• **Supplied material**:
•••
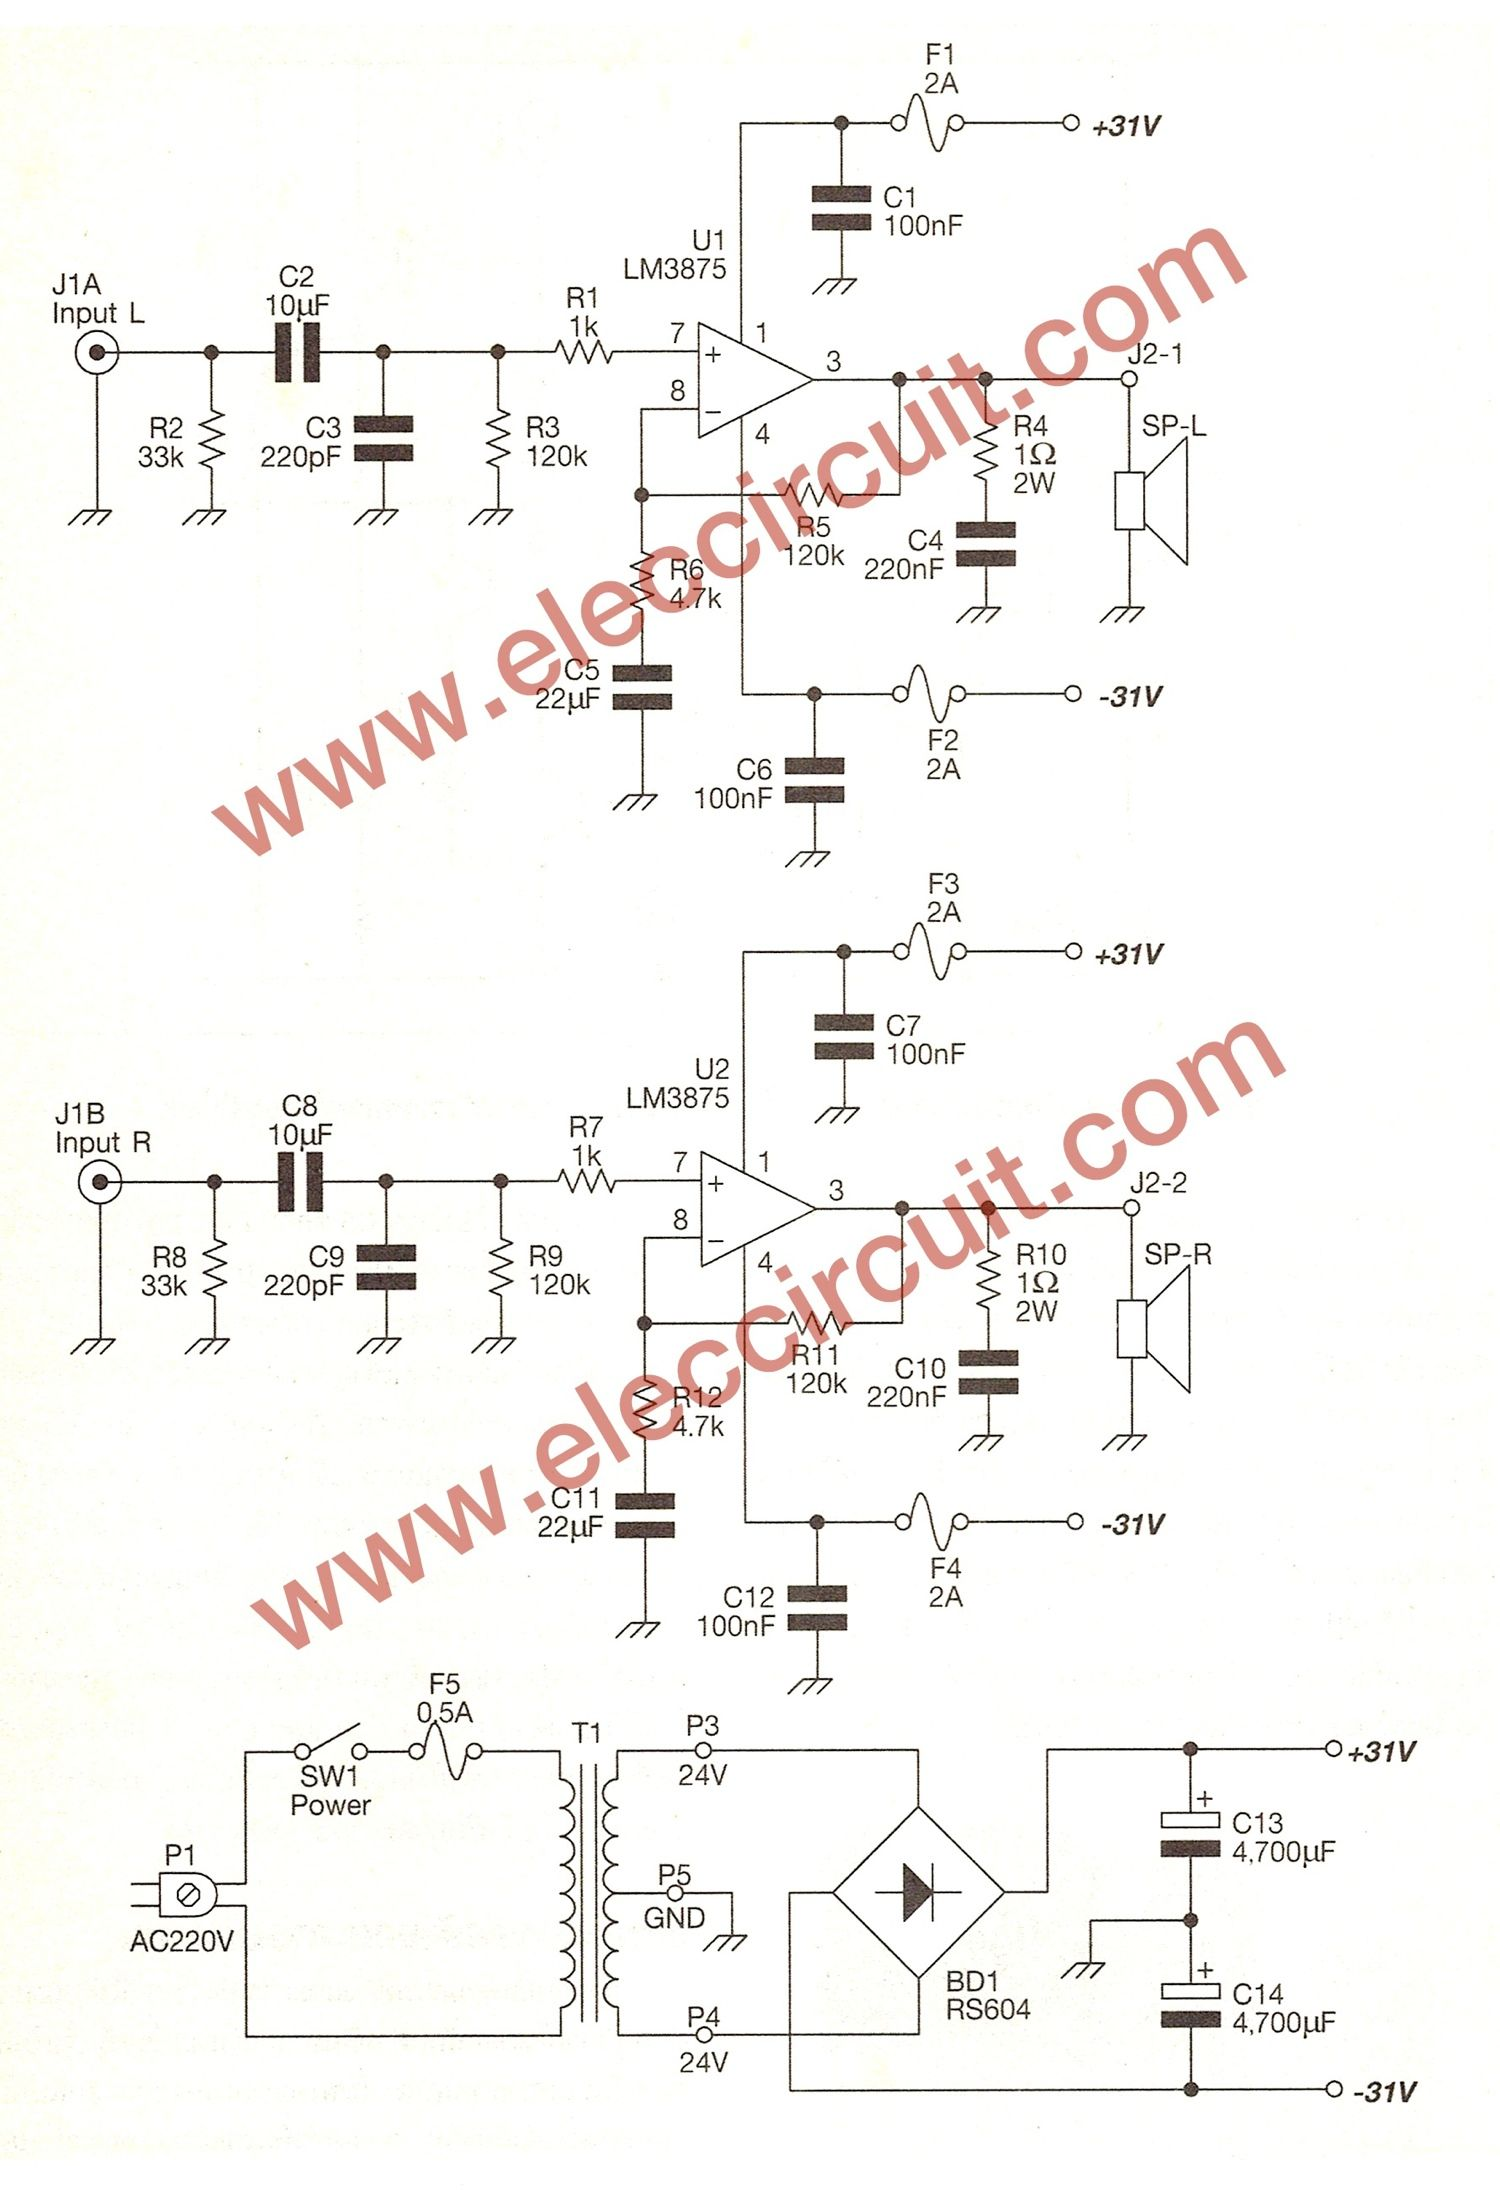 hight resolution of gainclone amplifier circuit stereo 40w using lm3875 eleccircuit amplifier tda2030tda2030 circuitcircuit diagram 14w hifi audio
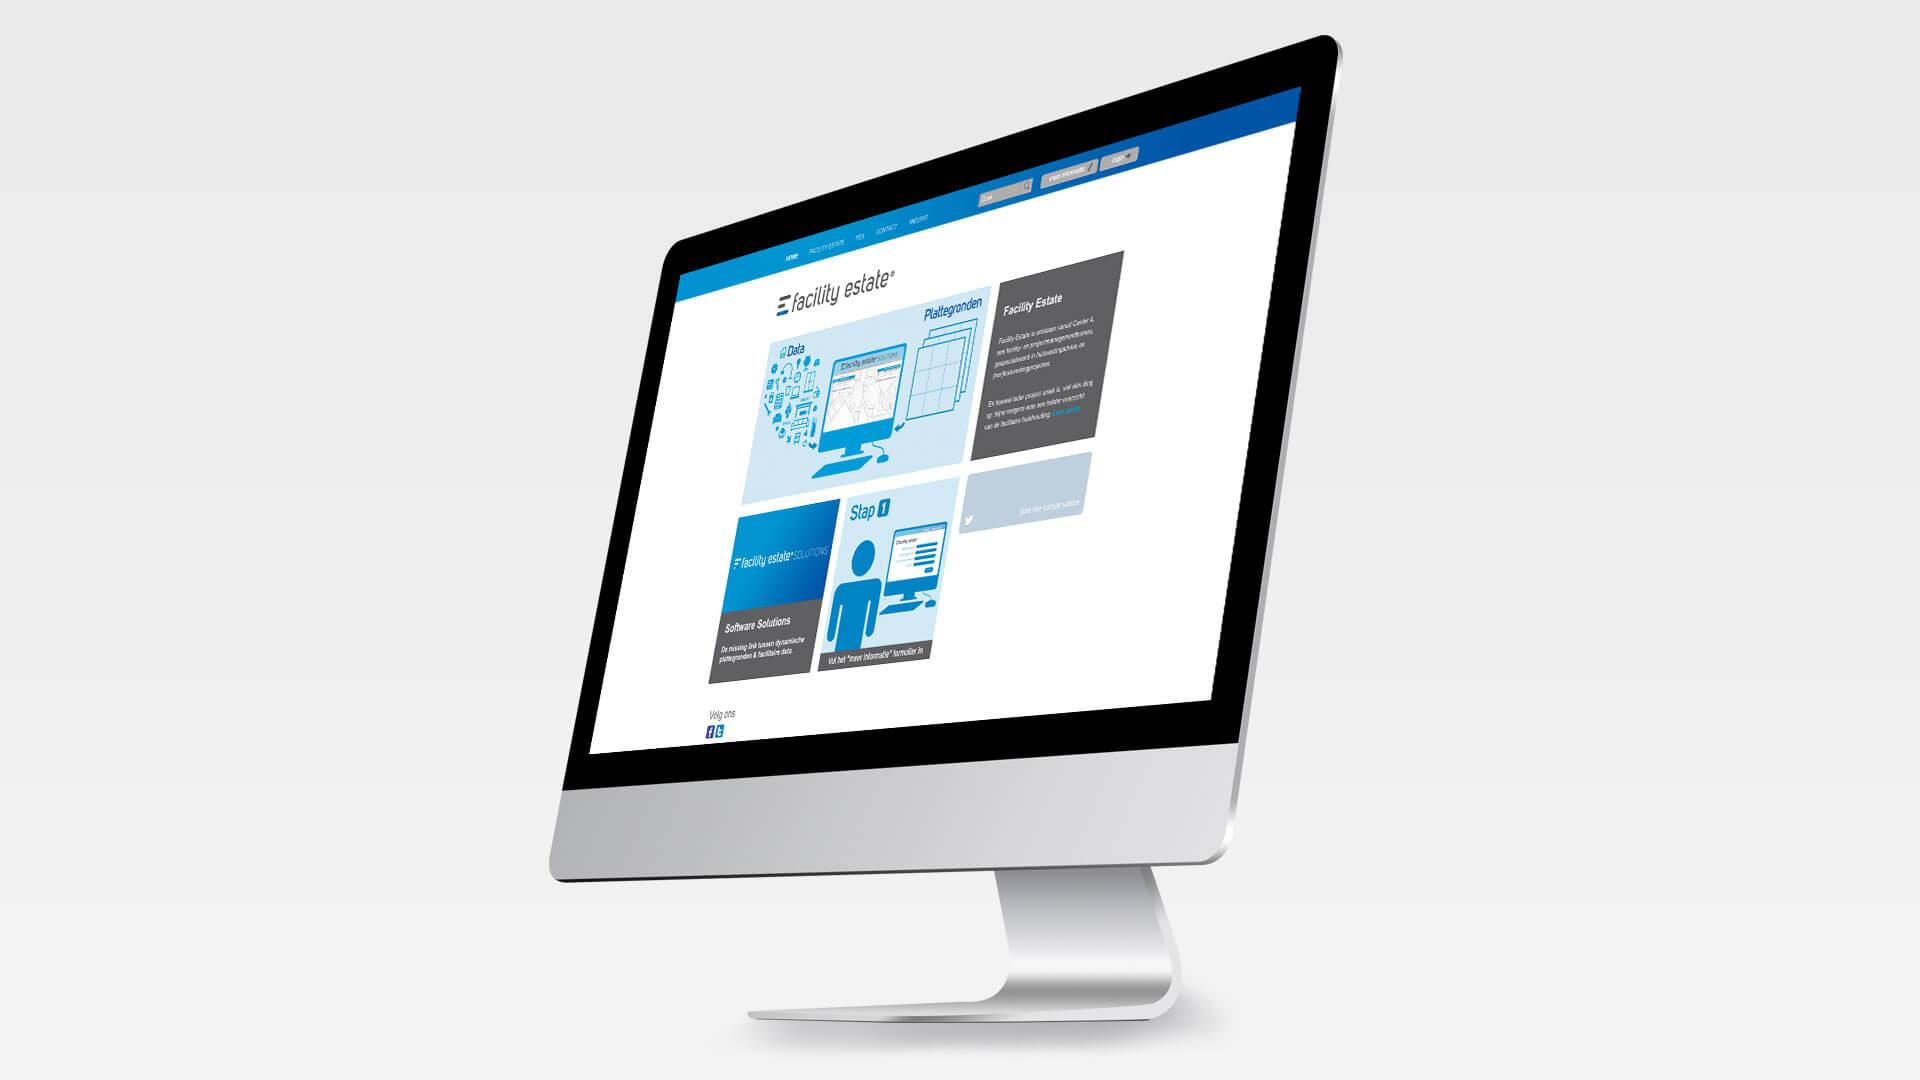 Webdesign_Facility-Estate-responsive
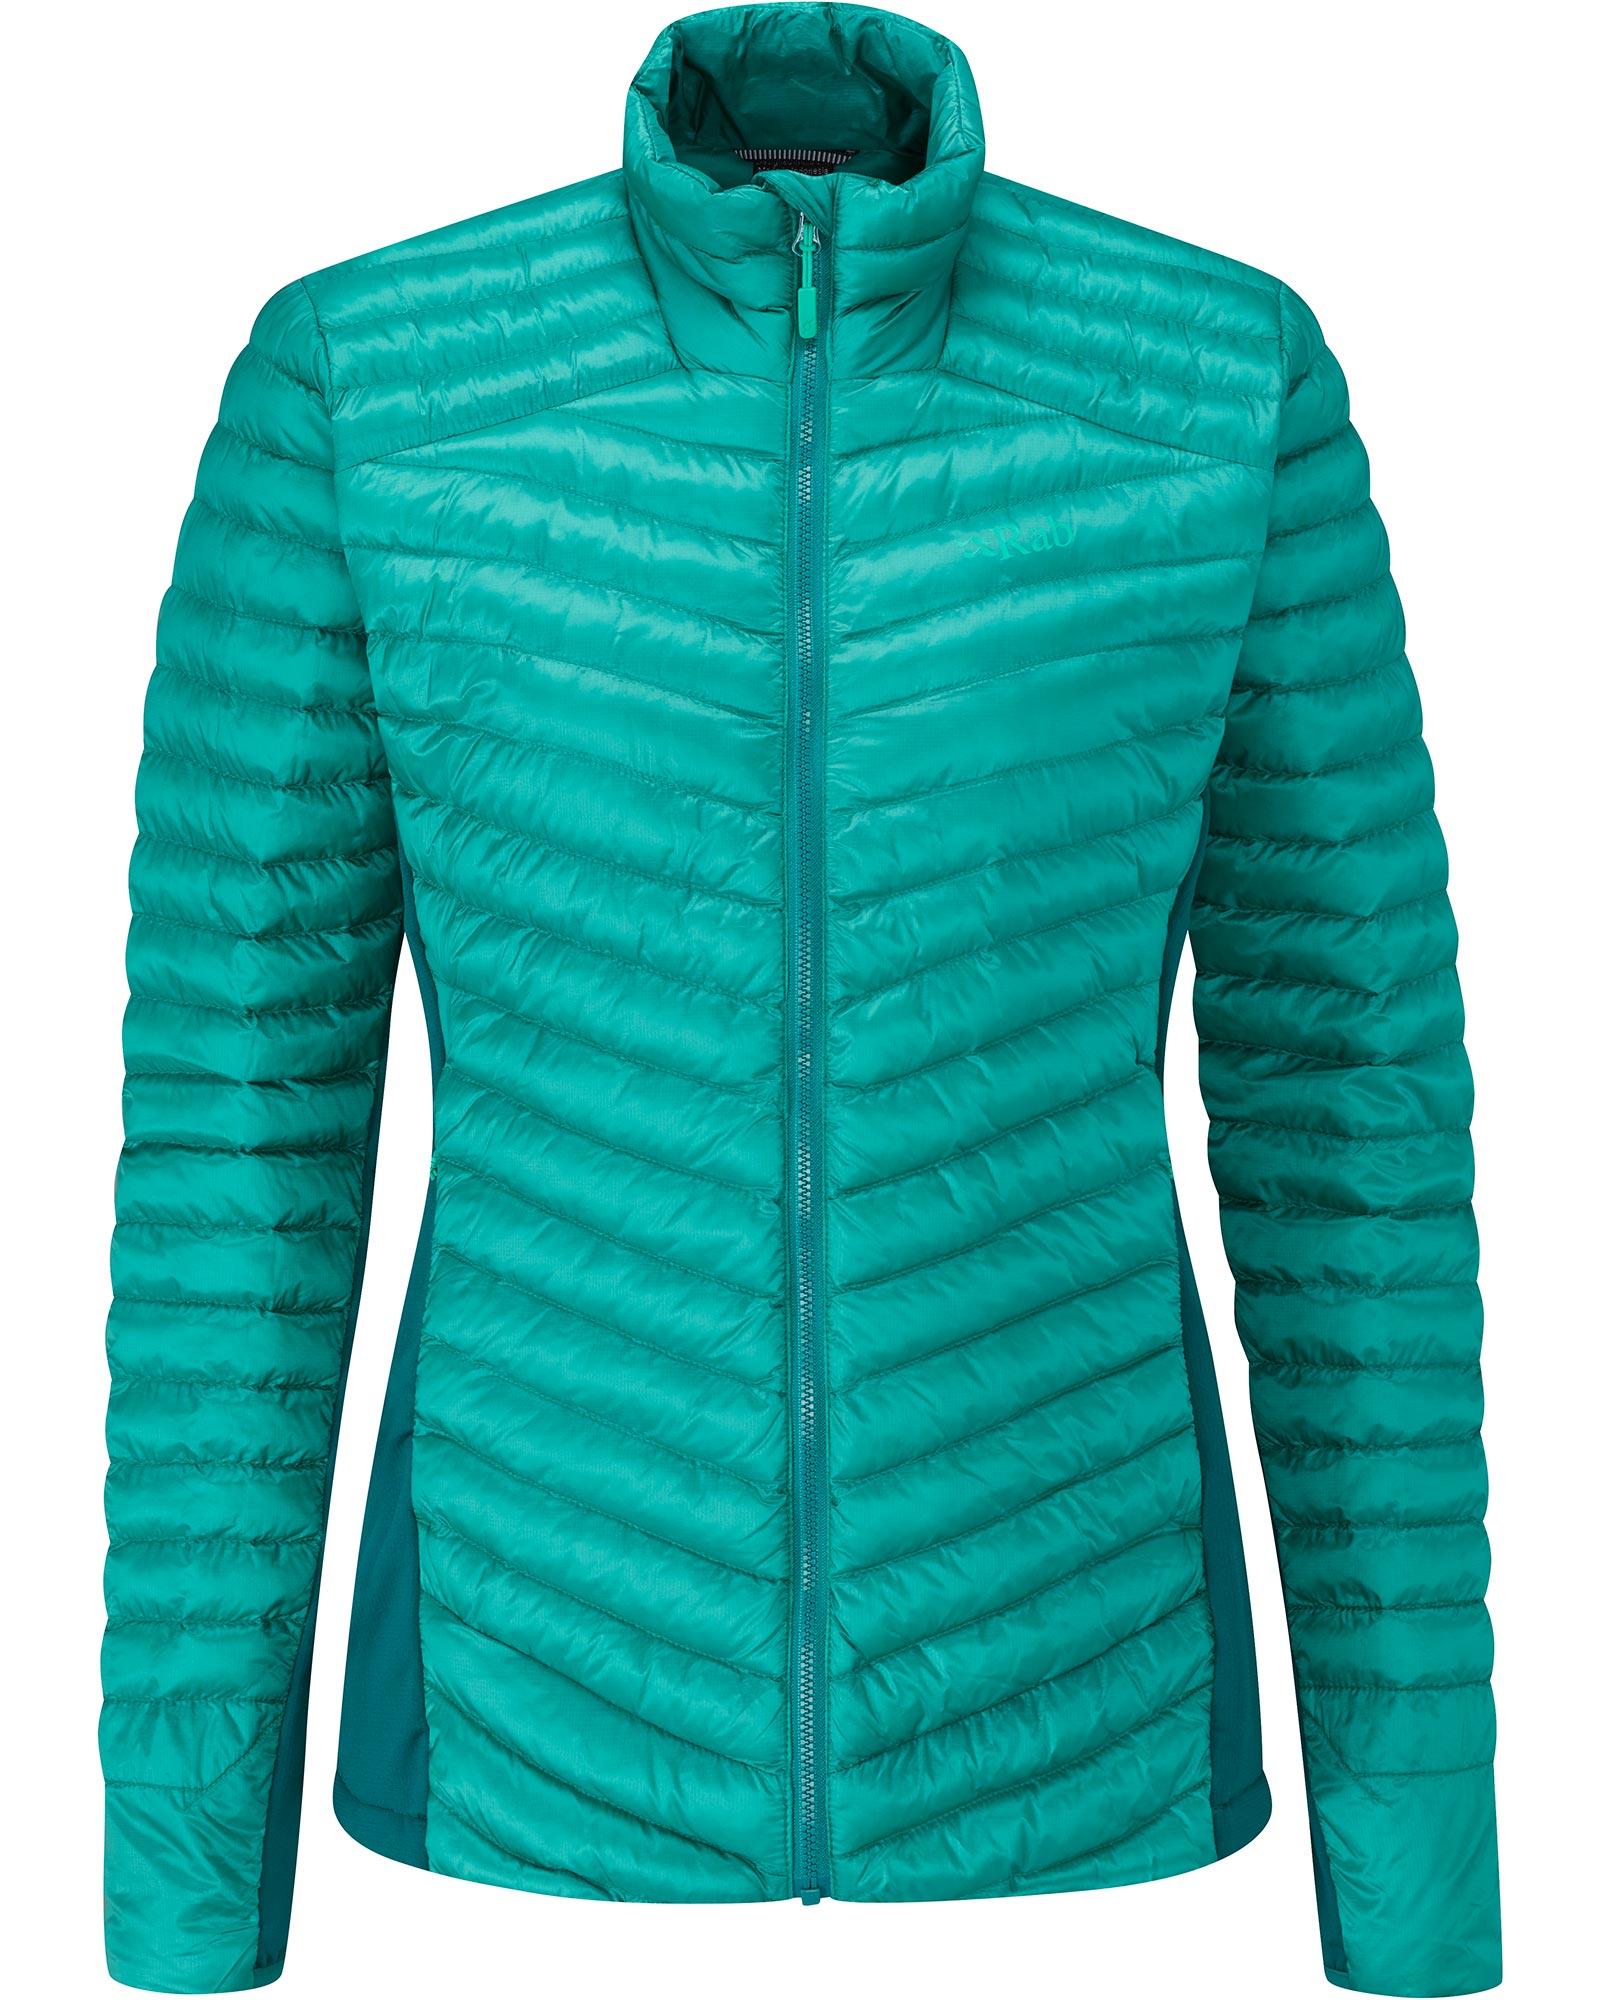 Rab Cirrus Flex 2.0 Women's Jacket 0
•••
• **Task brief**:
Exactly as given, transcribe every line of the data, but not its images.

• **Response area**:
 hight resolution of gainclone amplifier circuit stereo 40w using lm3875 eleccircuit amplifier tda2030tda2030 circuitcircuit diagram 14w hifi audio
 Webdesign_Facility-Estate-responsive
 Rab Cirrus Flex 2.0 Women's Jacket 0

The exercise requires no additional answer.